YOUR GOAL: Quote the whole listing exactly. Leave the pictures out of your copy.

*** COLLECTED MATERIAL Section Begins ***

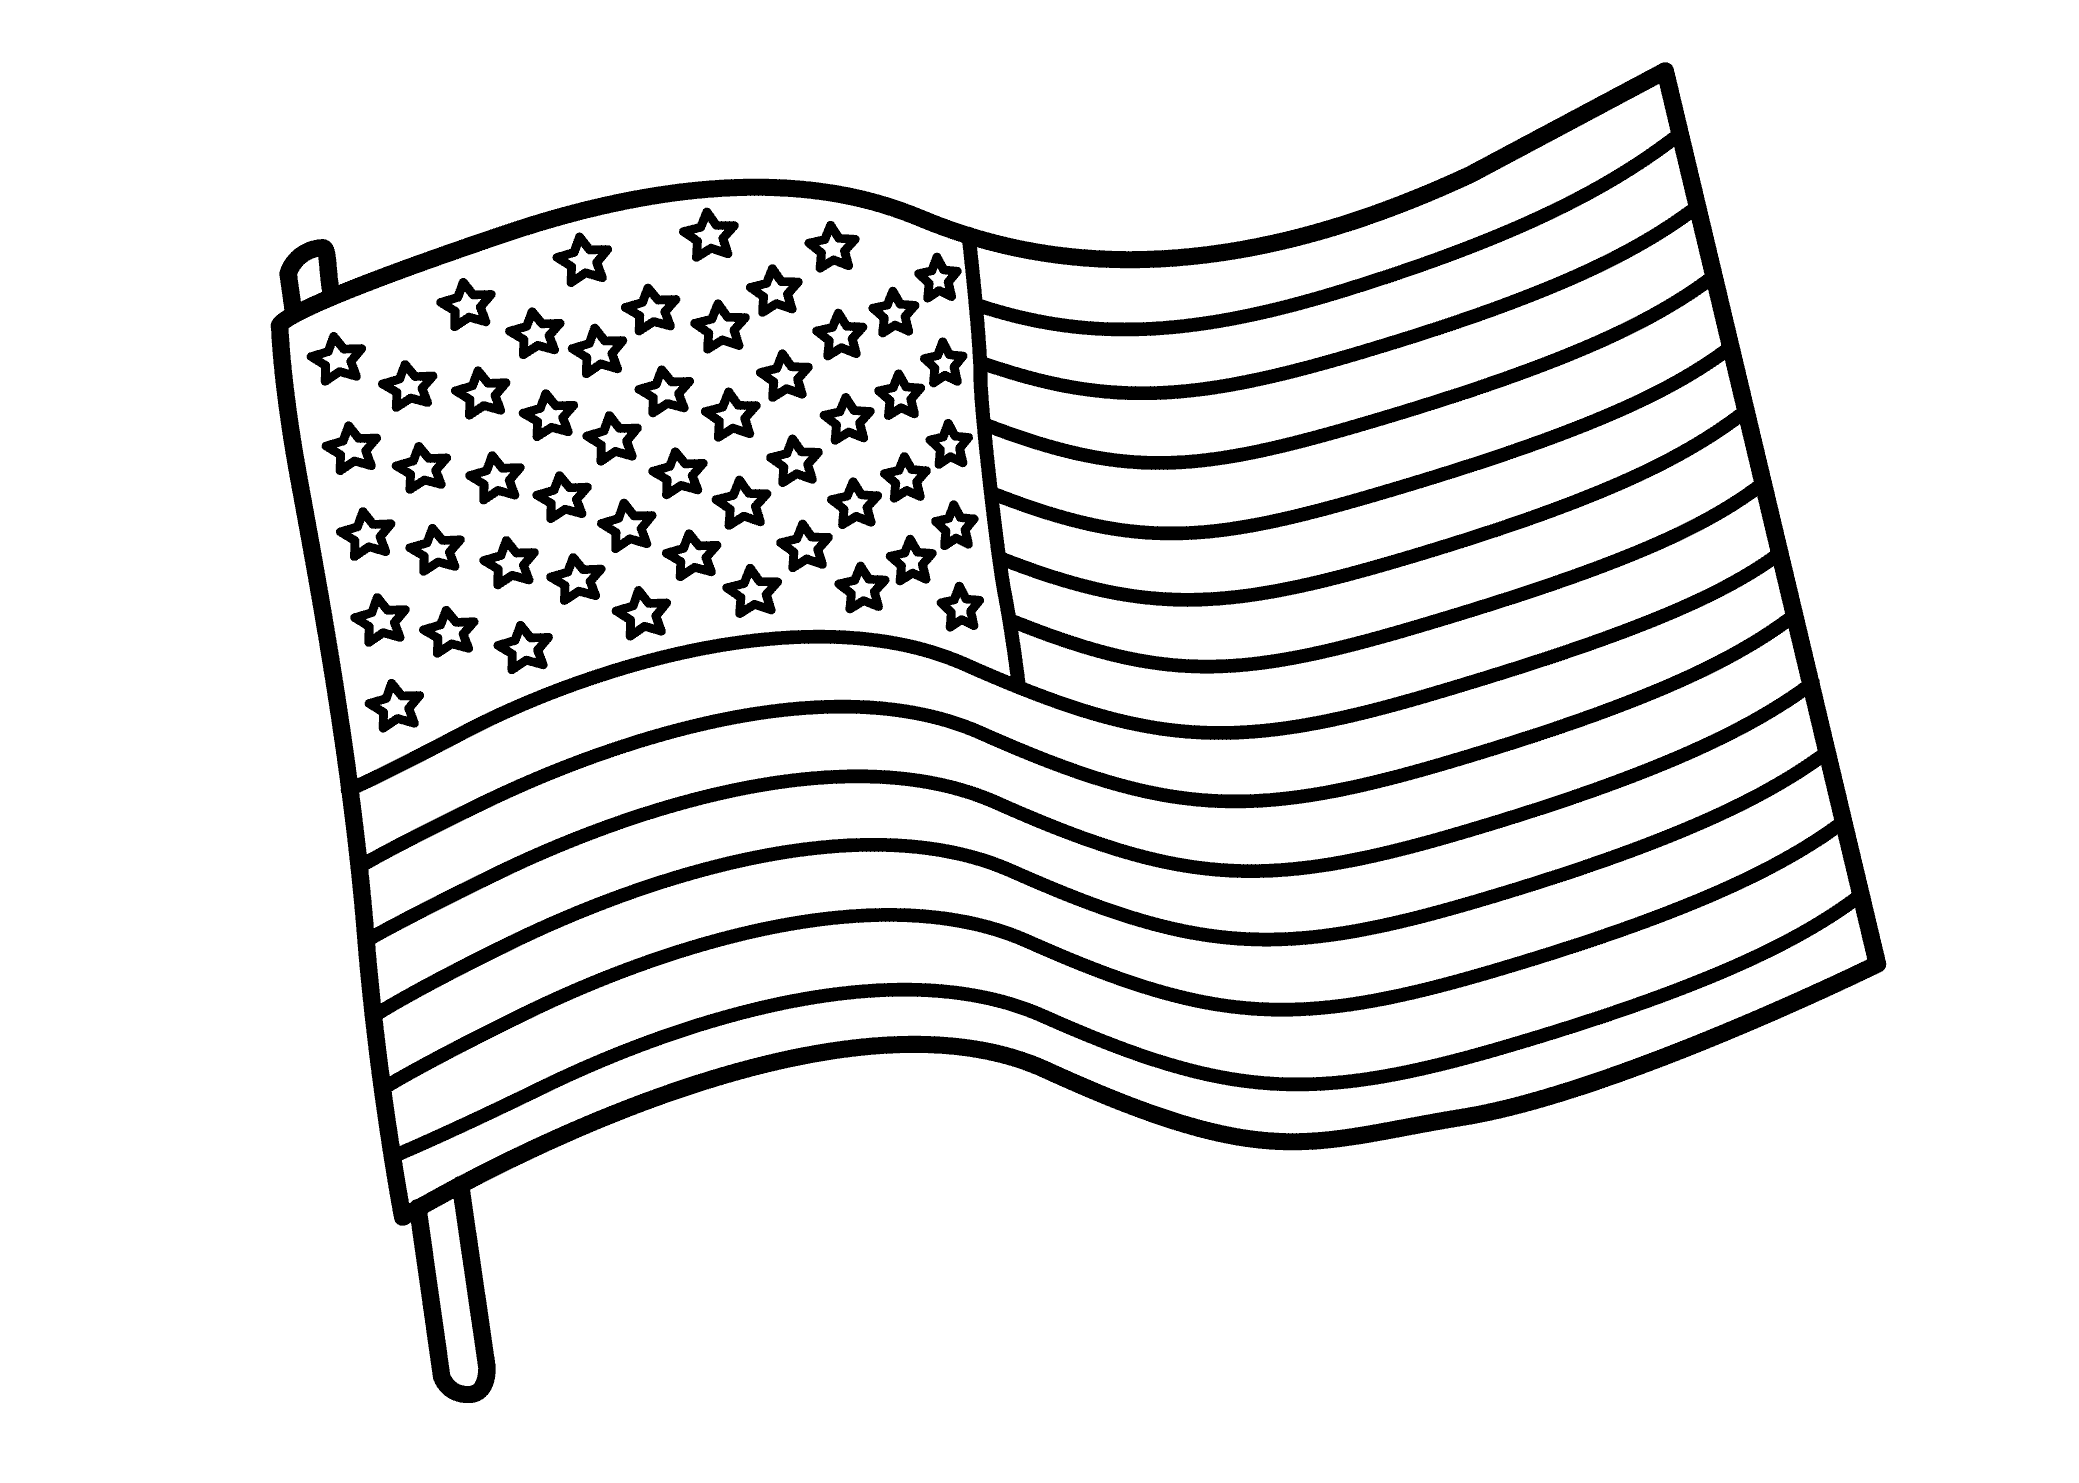 Inesyfederico clases: Flags Coloring Sheets
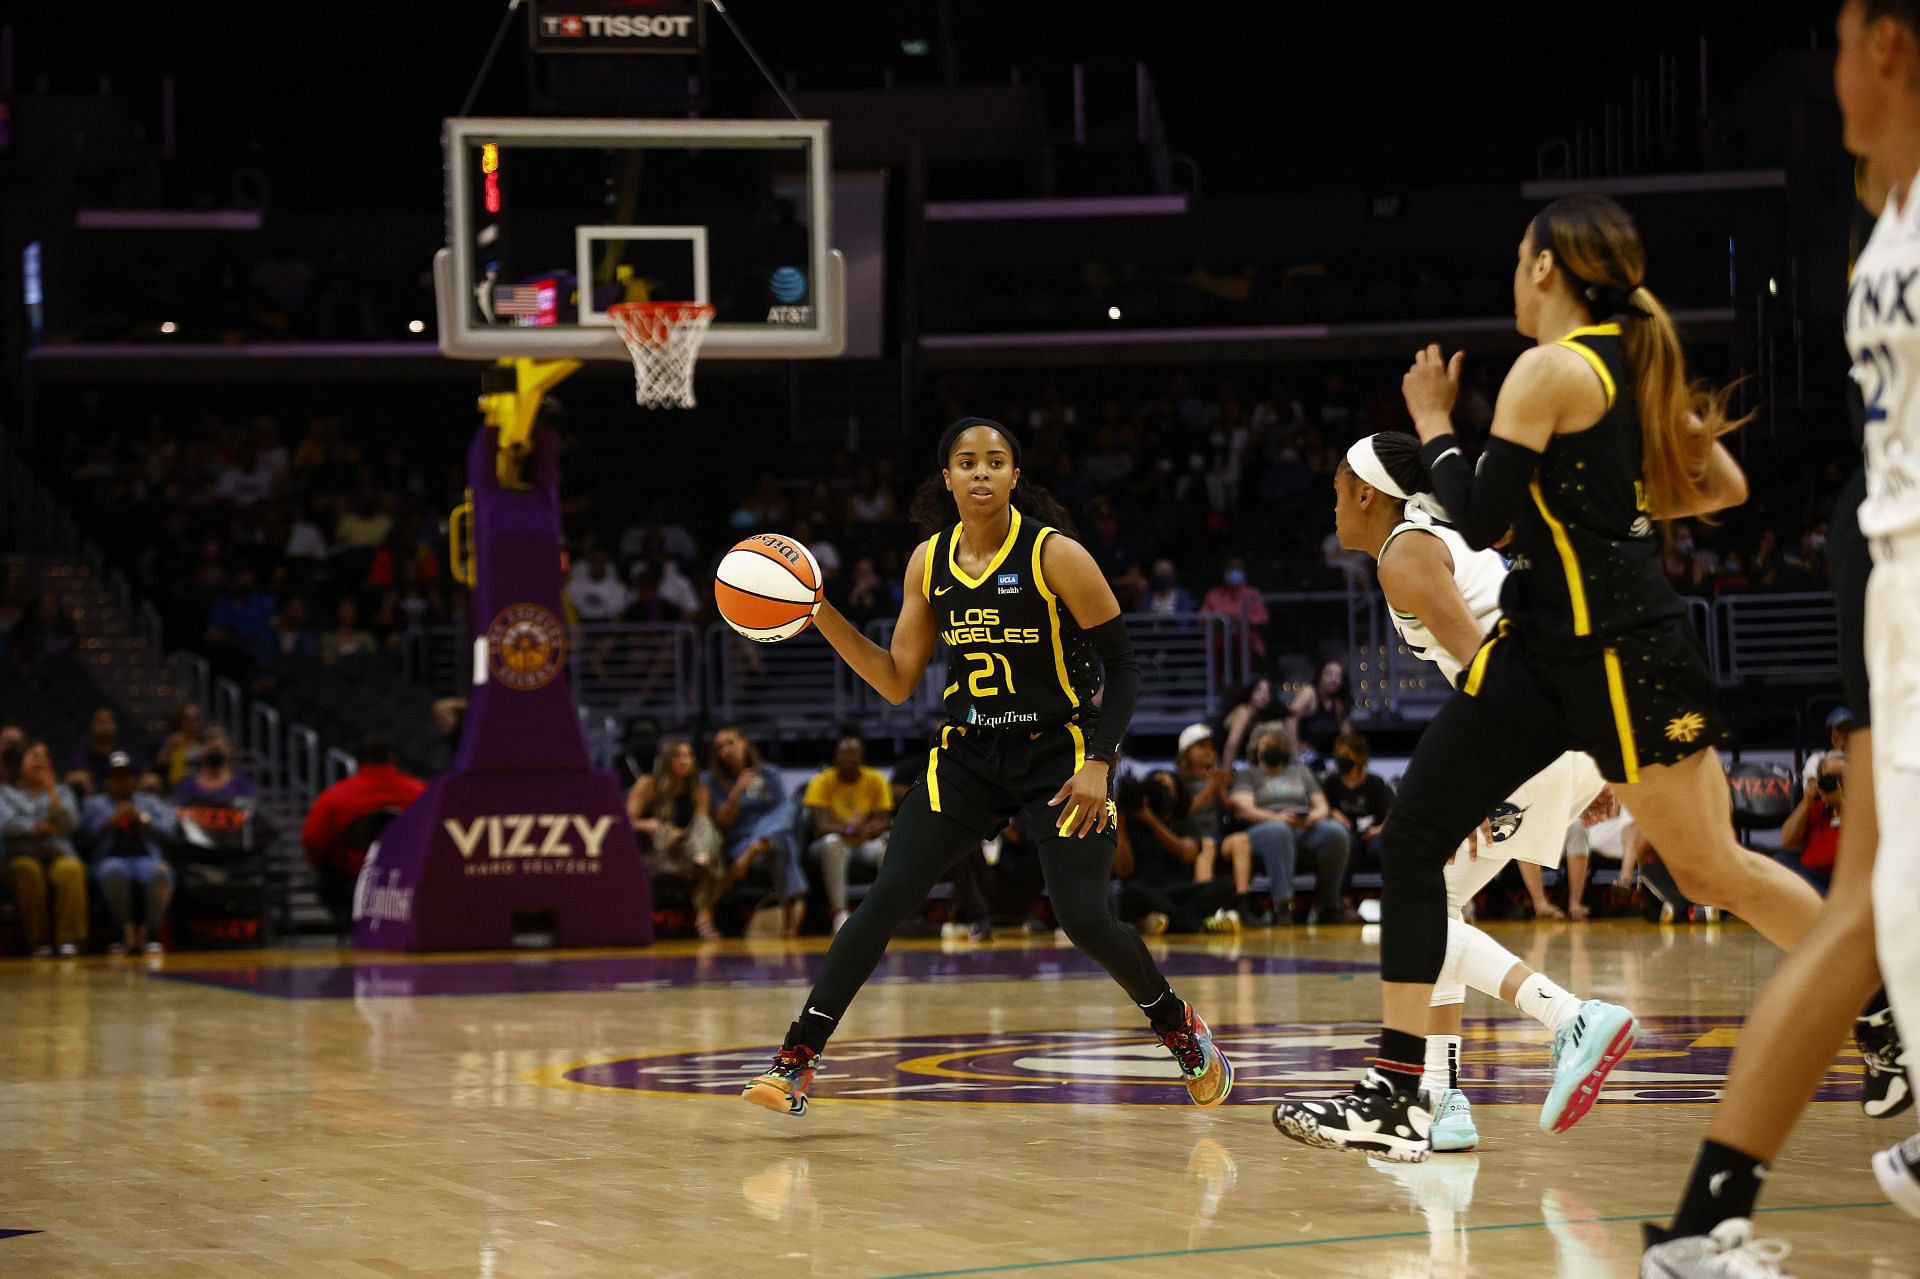 The Los Angeles Sparks take on the New York Liberty on Tuesday.
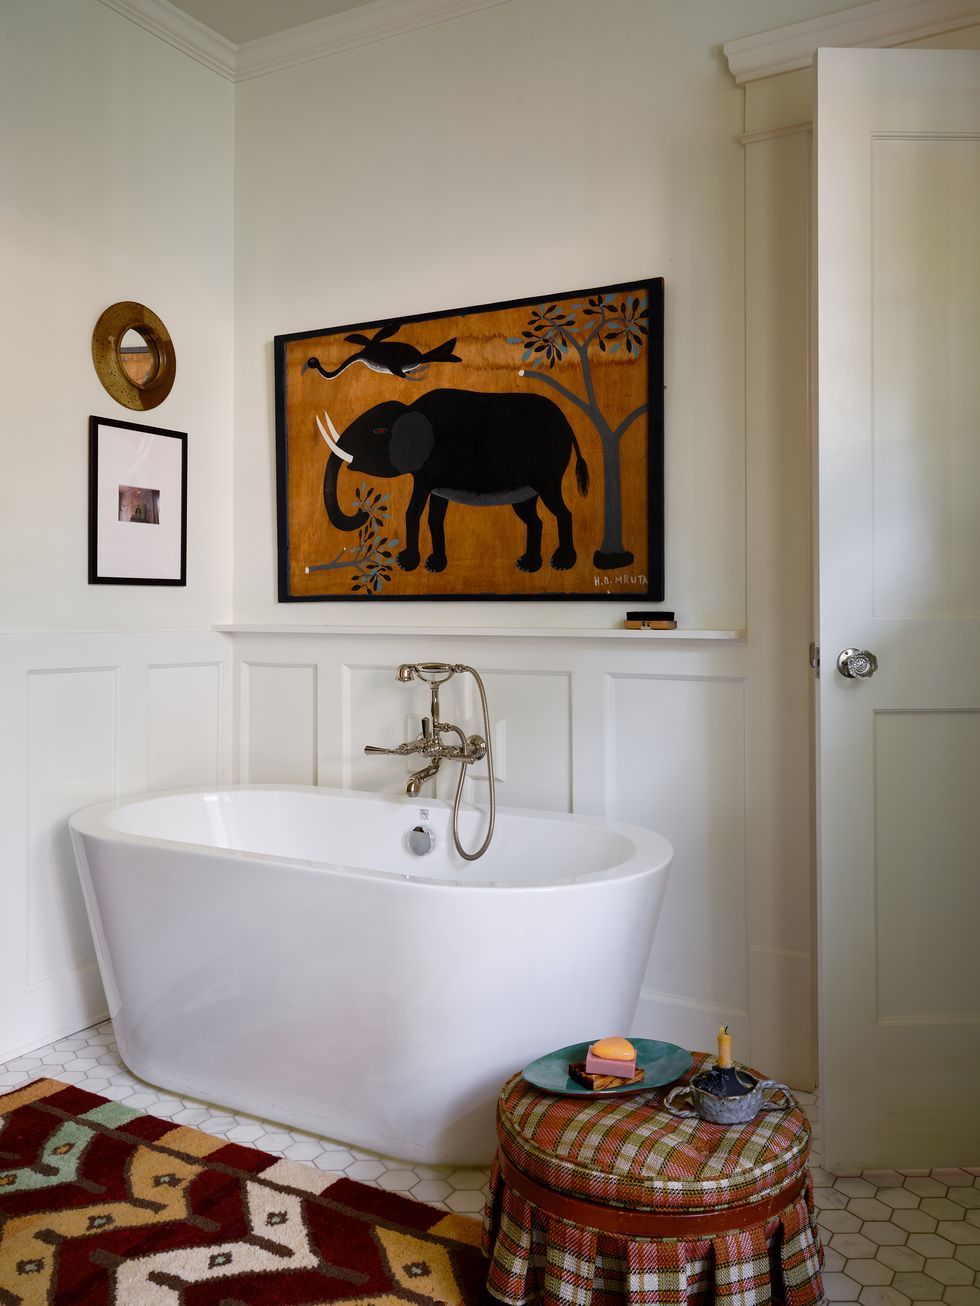 10 great bathroom storage ideas and trends - The Interiors Addict
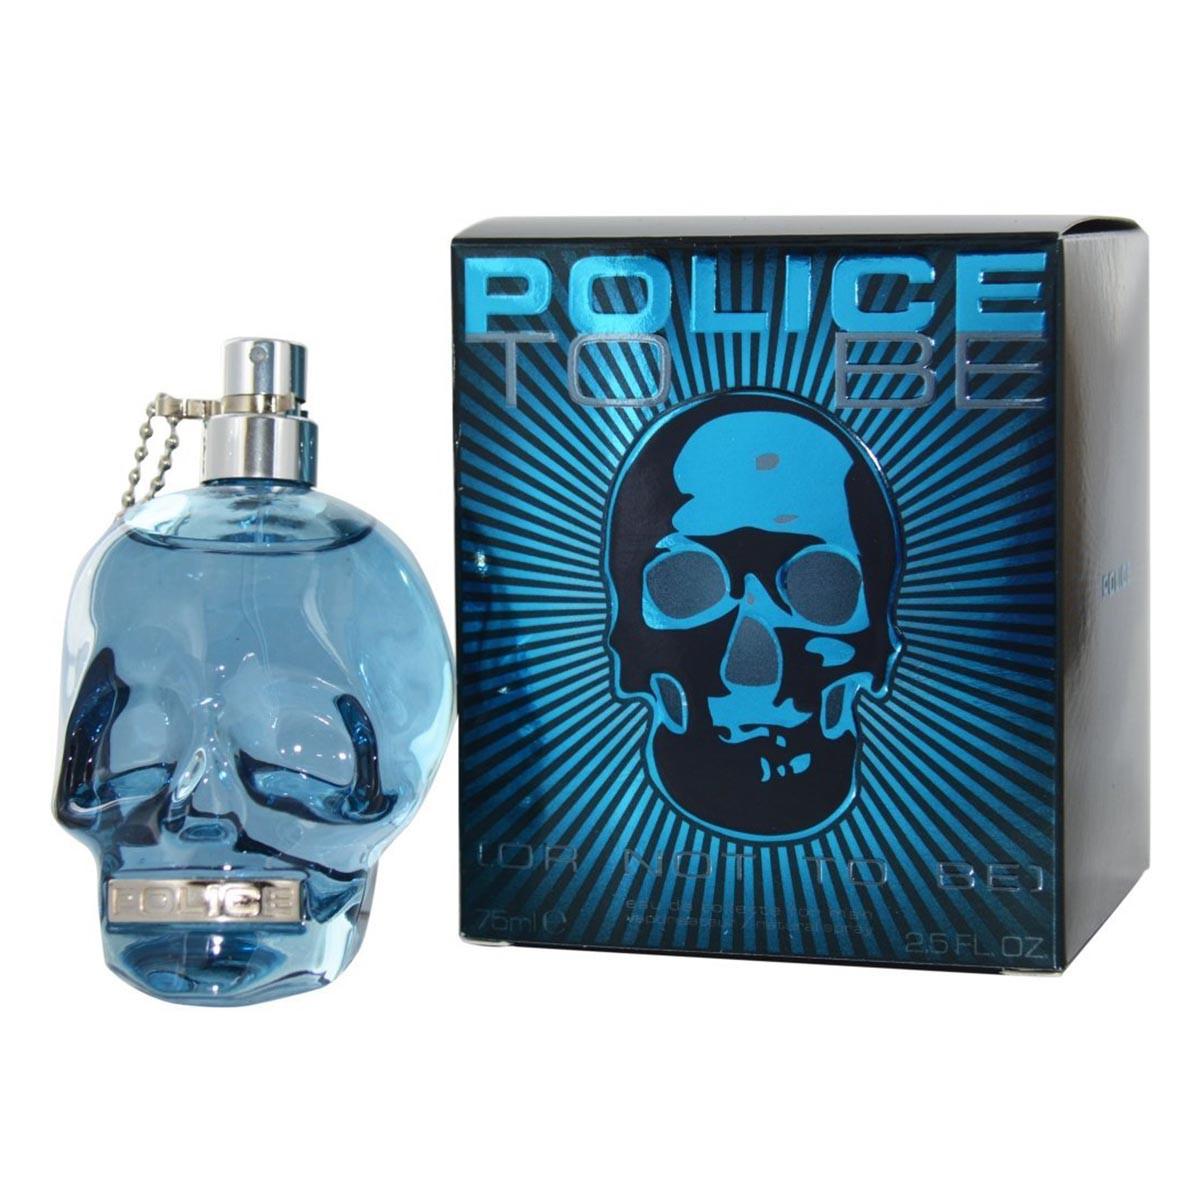 consumo-eau-de-toilette-police-to-be-or-not-to-be-for-man-75ml

*** COLLECTED MATERIAL Section Ends ***

ANSWER BOX:
 Inesyfederico clases: Flags Coloring Sheets
 The Los Angeles Sparks take on the New York Liberty on Tuesday.
 10 great bathroom storage ideas and trends - The Interiors Addict
 consumo-eau-de-toilette-police-to-be-or-not-to-be-for-man-75ml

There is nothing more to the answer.